A LITTLE TOO CLOSE TO GOD

The Thrills and Panic of a Life in Israel

by David Horovitz

Pub Date: May 2nd, 2000
ISBN: 0-375-40381-7
Publisher: Knopf

An entertaining memoir about life in Israel, highly politicized (of course).

David Horovitz, editor of the Jerusalem Report, Israel's only English-language magazine, was chief editor of Shalom, Friend (1996).
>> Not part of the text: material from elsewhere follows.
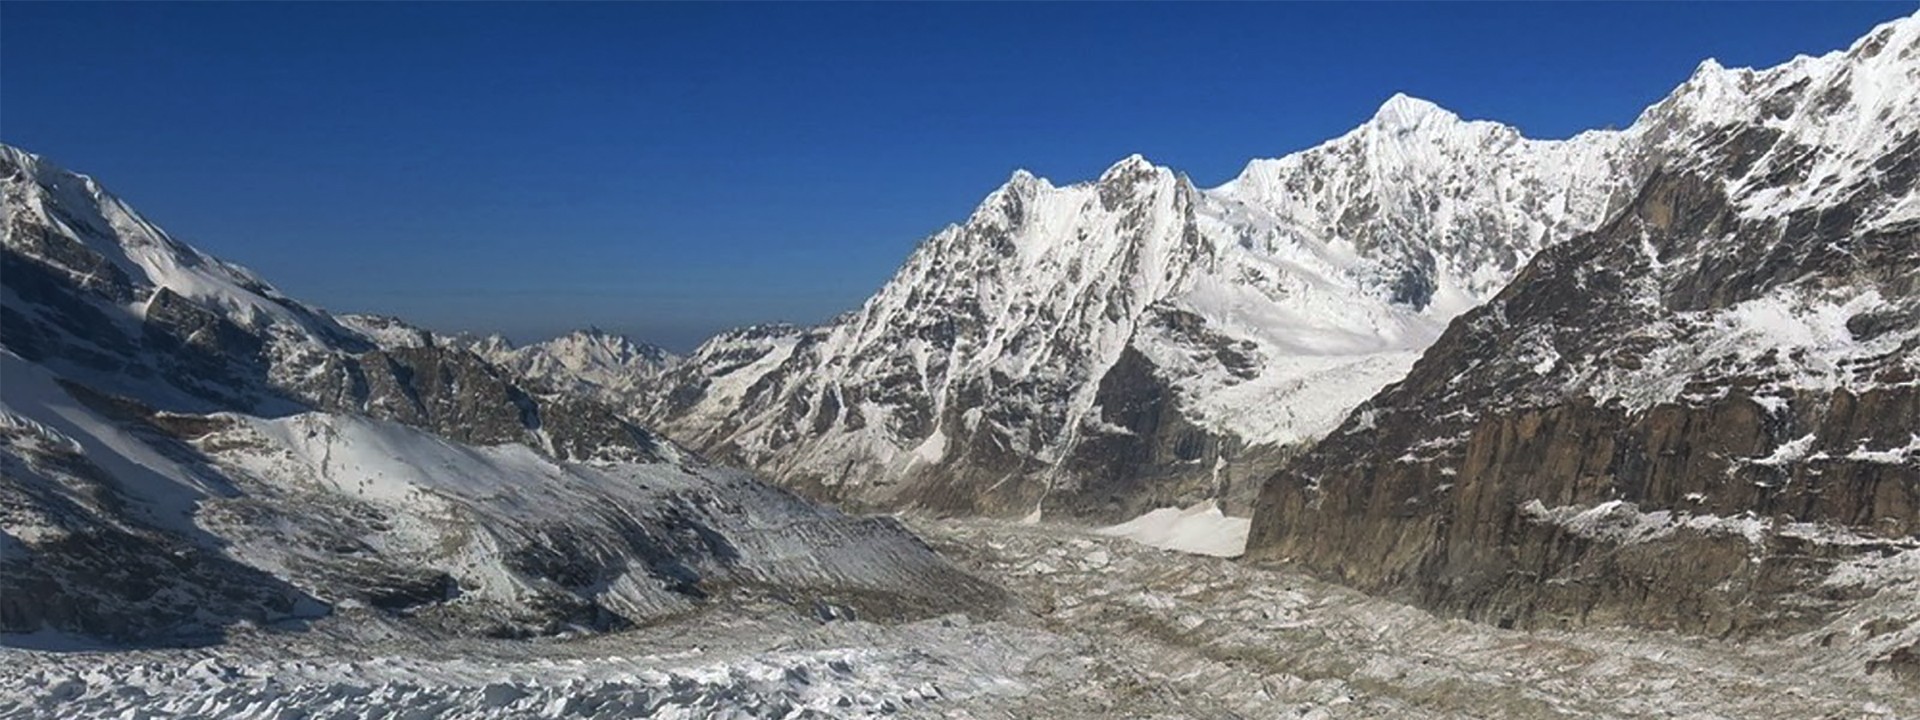 Mt. Kanchenjunga Summit view from Kanchenjunga Base Camp

In that book Yitzhak Rabin is noted for his decades of imperiously dismissing Palestinian Arab demands and ignoring the nationalist Israeli camp. By this book, Rabin has been `mythologized,` Netanyahu demonized (his `racist` followers, Horovitz maintains, were accomplices of Rabin's assassination), and Barak anointed the hope of the land-for-peace camp. The author admits this is `not a comprehensive picture of Israel… it is my Israel, my Western immigrant's Israel…my prejudices.` Despite this admission, the memoir is admirable for airing contrary opinions. Much of Horowitz’s politics is personalized by fear for his sons serving in a war, yet he has the integrity to quote an Ethiopian soldier saying: `I am honored to be an Israeli soldier.` Similarly, the memoir echoes the magazine's antipathy toward Orthodox Jewry's religious coercion, although the author's Ultra-Orthodox cousin presents an articulate defense. Horovitz's Reform Judaism is largely to `inoculate` his children against the virus of fundamentalism carried by too many fanatic `pick-up artists` in his native Jerusalem. A scarier threat was provided by Saddam's Scuds, but, depicting the dangerously reckless drivers, the ubiquitous car thieves and suicide bombers, the rude clerks and inept immigrant army conscripts, Horovitz manages to convey daily life in frenetic Israel with good humor. Horovitz's breezy journalism is largely preaching to the saved, to other English-speaking left-leaning readers, and he misses the opportunity to convincingly champion the peace process with substance to support his wishes.

Even when sarcastic, Horovitz writes with too much sincere devotion to Israel's future promise to be mistaken for a brash young Western journalist temporarily slumming it in the Middle East.